In my language (Portuguese) there are a lot of special "characters" (maybe they are called accents?) such as é, ã, etc...
Since my computer is all in English, because that's how I communicate 99.9% to the time, all my notes are in English, etc, it's very rare that I type in Portuguese.
Once in a while I save some words in the Text Replacement pane.
Today I had to write a looooong letter in Portuguese and since I'm already replacing some of the words with the accented words (for example when I wanted to type "healthy" in Portuguese, I typed "saudavel", but the real word is "saudável"). So since all words are now fixed, I would like to create a macro that searches all words that are not accented and delete them so I can have a list of all accented words. Then I can go and start adding those to the Text Replacement pane.

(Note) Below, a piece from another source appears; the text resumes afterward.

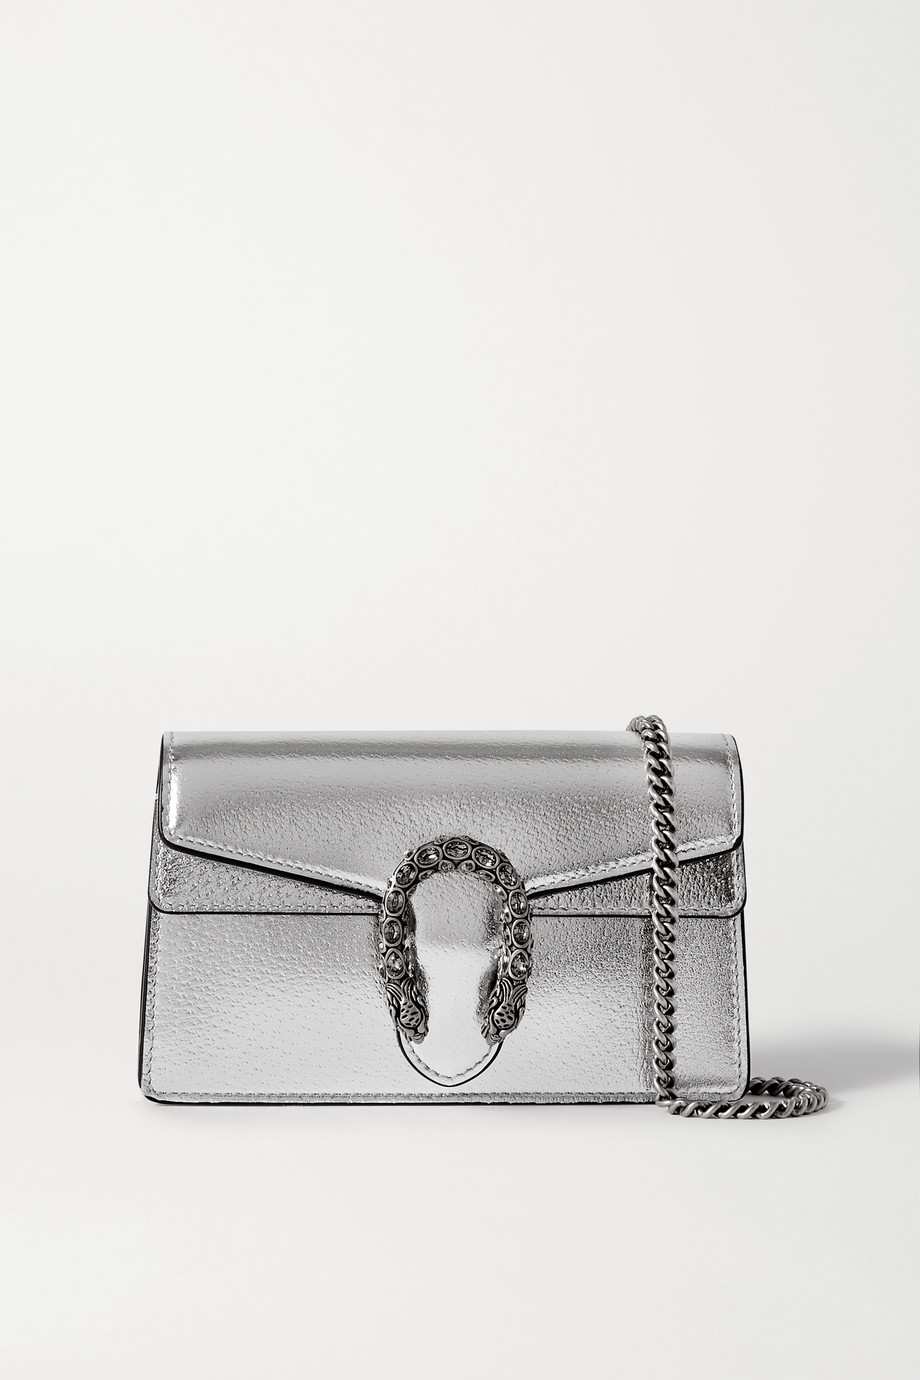 Gucci Dionysus super mini Schultertasche aus Metallic-Leder

Is there a RegEx formula that includes all accents or do I have to manually type each option and then find a way to compare each word in the letter with each accented character?
Also, how would I be able to find duplicates? I know that I use some words a lot and I would like to just keep one of those words instead of 30 versions on the same word in the list.
EDIT: I found that this will find all accented characters individually [à-üÀ-Ü]
For context, in Portuguese there are 4 variants: words that are a single character such as É (this means something like it is, depending on context), then the accented characters could be in the beginning Área, middle saudável, or end ficará.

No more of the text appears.